В первый день на новой работе несколько раз подходил к столу, который выделили Аврутину. Говорил ничего не значащие слова, но все же своим подходом утверждал, что новый работник здесь человек нужный. Хотя заданий никаких в первые дни не было. А без задания сидеть было неудобно. Дали ворох инструкций, изучай. Было здесь ещё тоскливее, чем в бригаде. Здесь и без Аврутина было полно бездельников. Начальница отдела находилась за стеклянной перегородкой и оттуда наблюдала за всеми. Была она совершенно седой и мужеподобной. Сидели за чертежными досками, в основном, женщины, озабоченные не чертежами, а своими домашними проблемами, и когда начальница покидала свой пост и отправлялась на очередное совещание, уходили в заводские магазины, возвращались с полными сумками, раскладывали на столах покупки, говорили о своих женских делах, не обращая внимания на Аврутина, словно и не человек он был, а так, безмолвное существо. У них, конечно, было много своих забот. Все съестное приходилось доставать, так и говорили – не купила колбасу, а достала, за всем были очереди, у женщин были дети, которых надо было не только кормить, но и одевать, и забирать из садика, или снаряжать в школу. Аврутин был далек от этих проблем, общежитская жизнь, хотя и постылая, была намного проще.

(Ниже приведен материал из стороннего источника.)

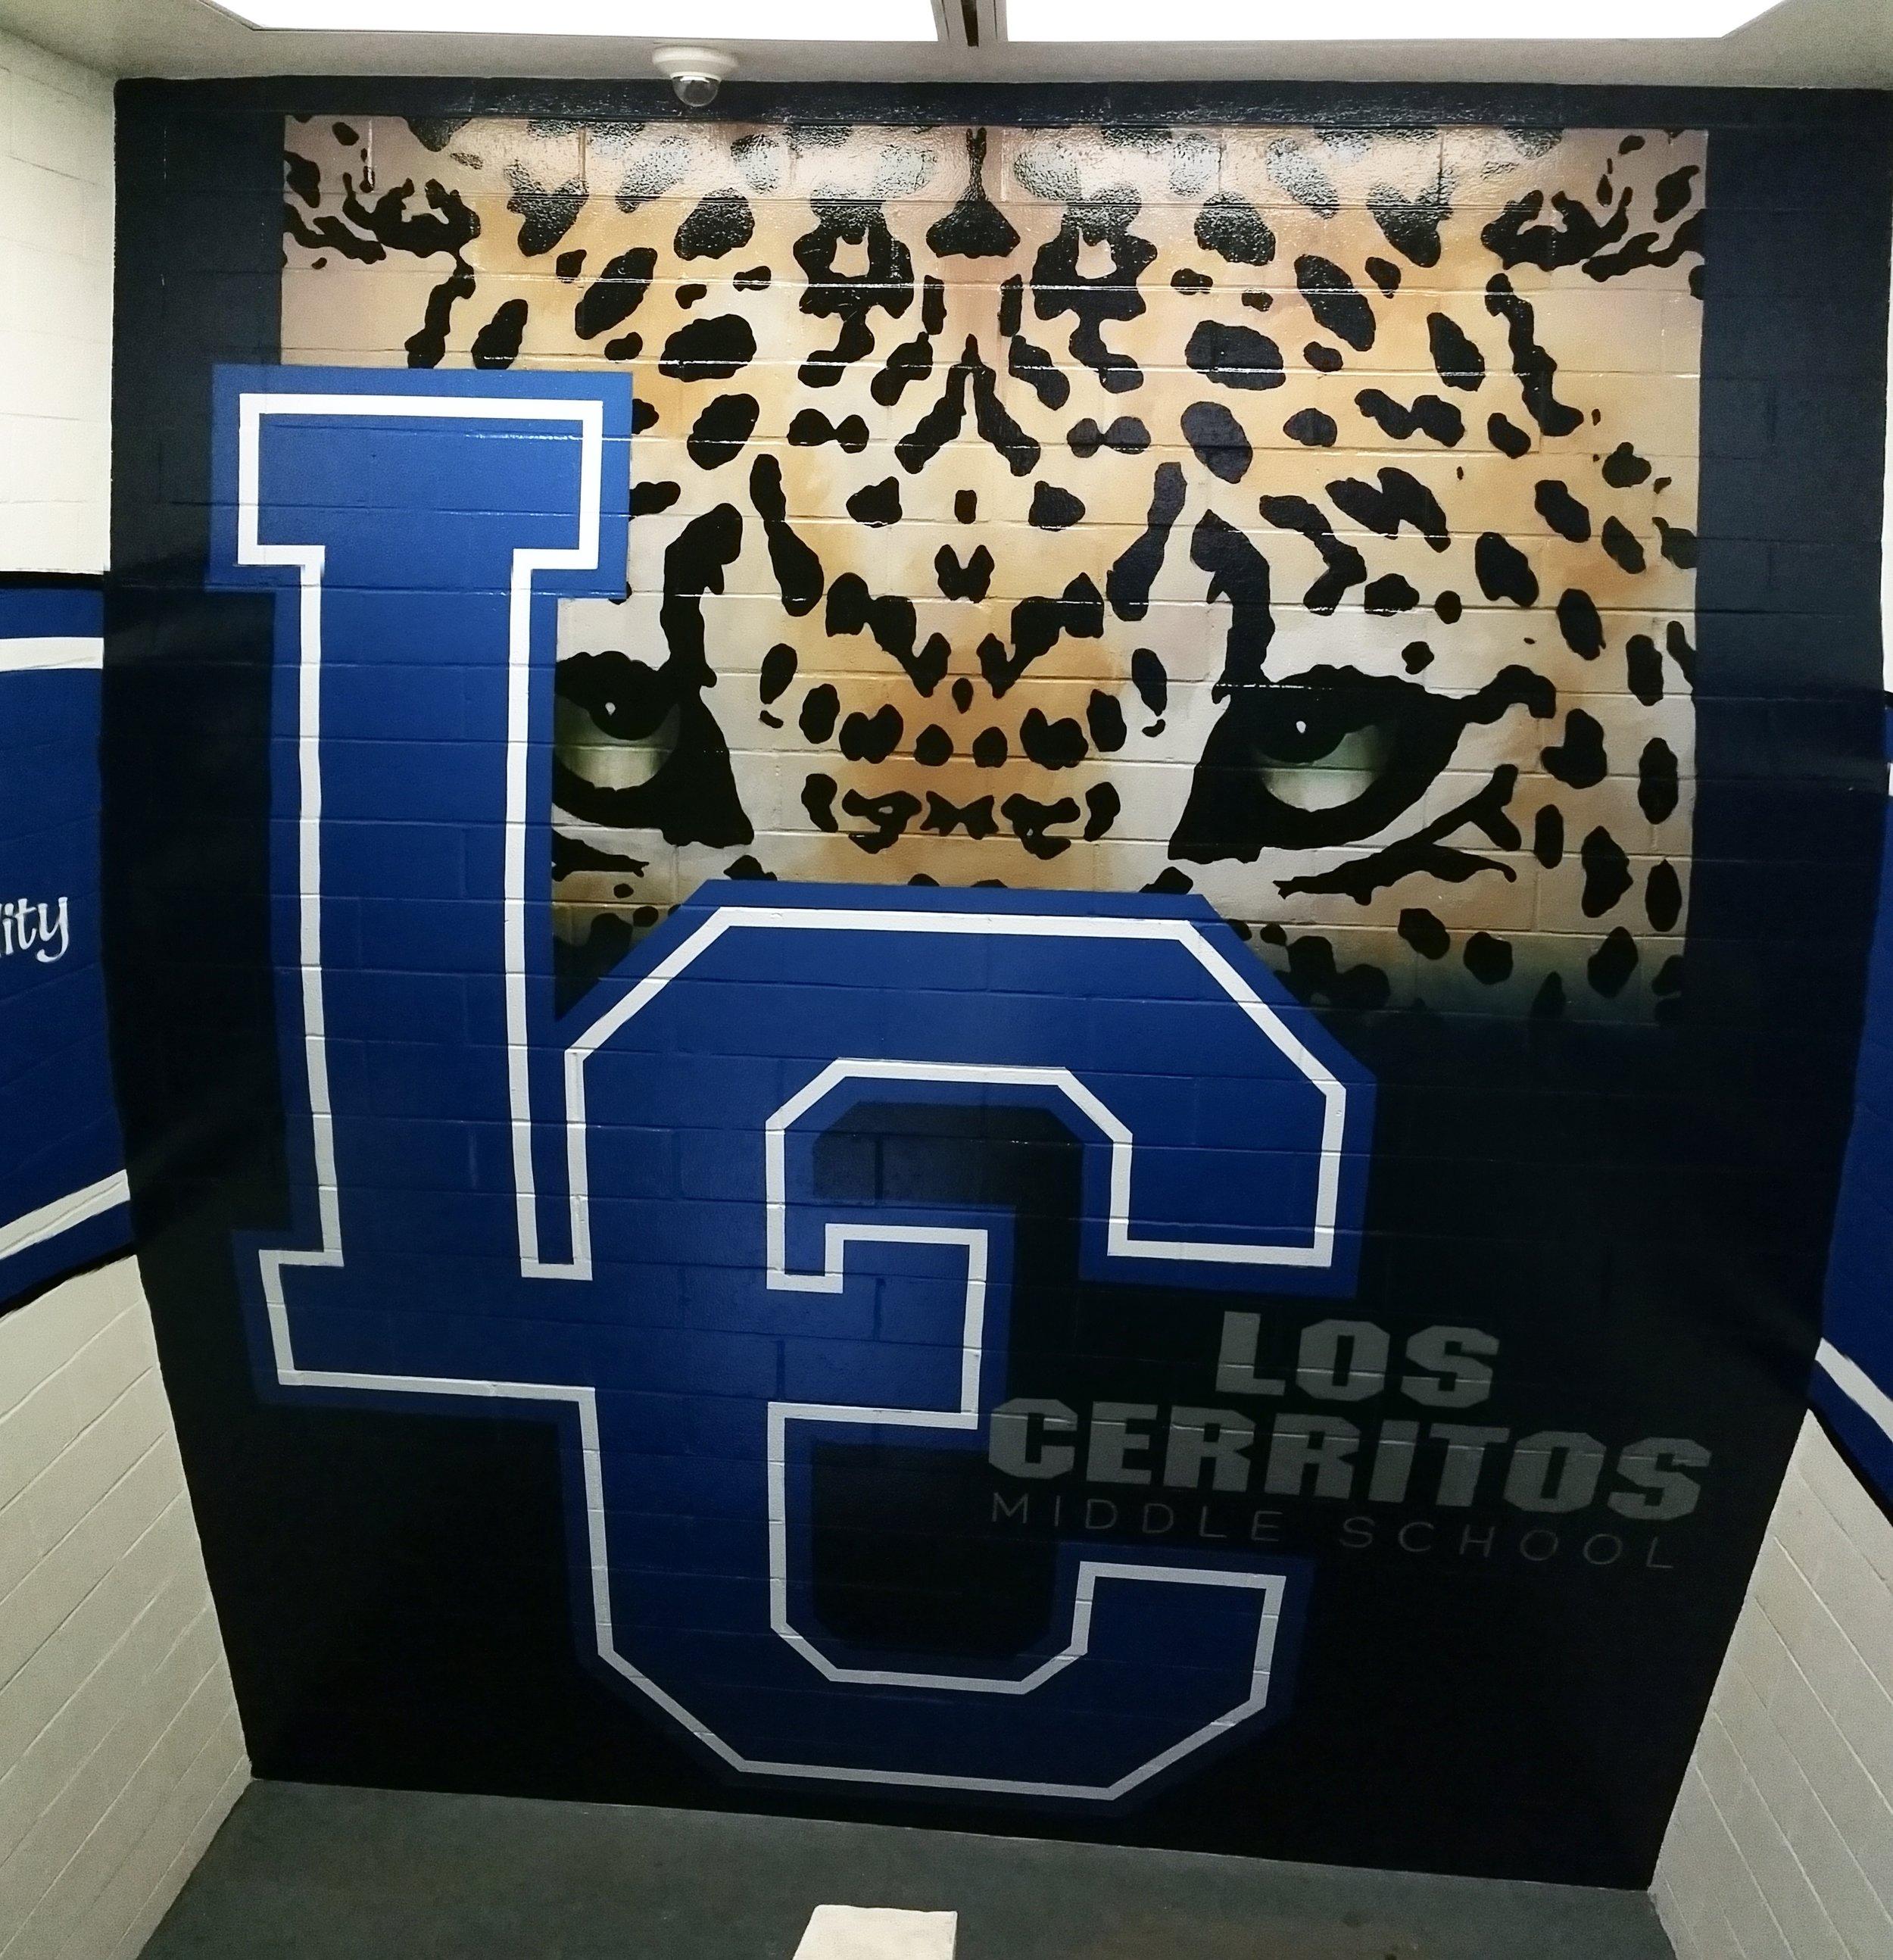 Los Cerritos Middle School hand painted mural

Обед в заводской столовой стоил копейки, а запасаться продуктами на ужин или завтрак было бессмысленно, потому что соседи по койкам придерживались коммунистических взглядов, и говорили: моё – твое, и твое моё. Женщины в отделе на обед не ходили, но постоянно что-нибудь жевали и беспрестанно пили чай. Аврутина посылали за водой в третий цех, там был родник, и все там запасались хорошей питьевой водой. Посылали и на склад за карандашами и лекалами, за бумагой. Он нарезал листы из рулона, точил карандаши, и всё время чувствовал на себе презрительные взгляды. В общем, мальчик на побегушках.
Несколько раз ходил и на плаз, нам самом верхнем этаже здания, где был мебельный цех. В этот цех многие стремились попасть, делали мебель для корабельных кают, заодно можно было и для себя постараться, а потом по частям вынести. Плаз представлял из себя широкое освобожденное от всего пространство, на полу которого вычерчивался теоретический чертеж очередного корабля. Здесь же хозяин плаза, молчаливый старик, с лентой на лбу, удерживающий длинные волосы и делающий его похожим на древнеславянского воина, делал из фанеры лекала для судосборщиков и был хранителем чертежей. Аврутин расписывался в толстой амбарной книге за очередной чертеж и приносил его в техотдел. Здесь женщины старательно перечерчивали все, что было на этом чертеже, чтобы потом внести туда изменение, которое требовали военпреды и сдатчики. Перечерчивали аккуратно и долго. Аврутину все это казалось излишним, зачем перечерчивать, когда просто можно скопировать. В том, что он прав убедил его и разговор с хозяином плаза. Тот считал, что вообще техотдельские женщины напрасно тратят время, можно было бы и здесь, прямо на плазе, внести изменения. Это он, конечно, загнул, изменения то можно внести, но нужен отдельный чертеж, согласованный со всякими инспекциями, которых полно на заводе. А вот стоит ли перечерчивать то, что уже вычерчено.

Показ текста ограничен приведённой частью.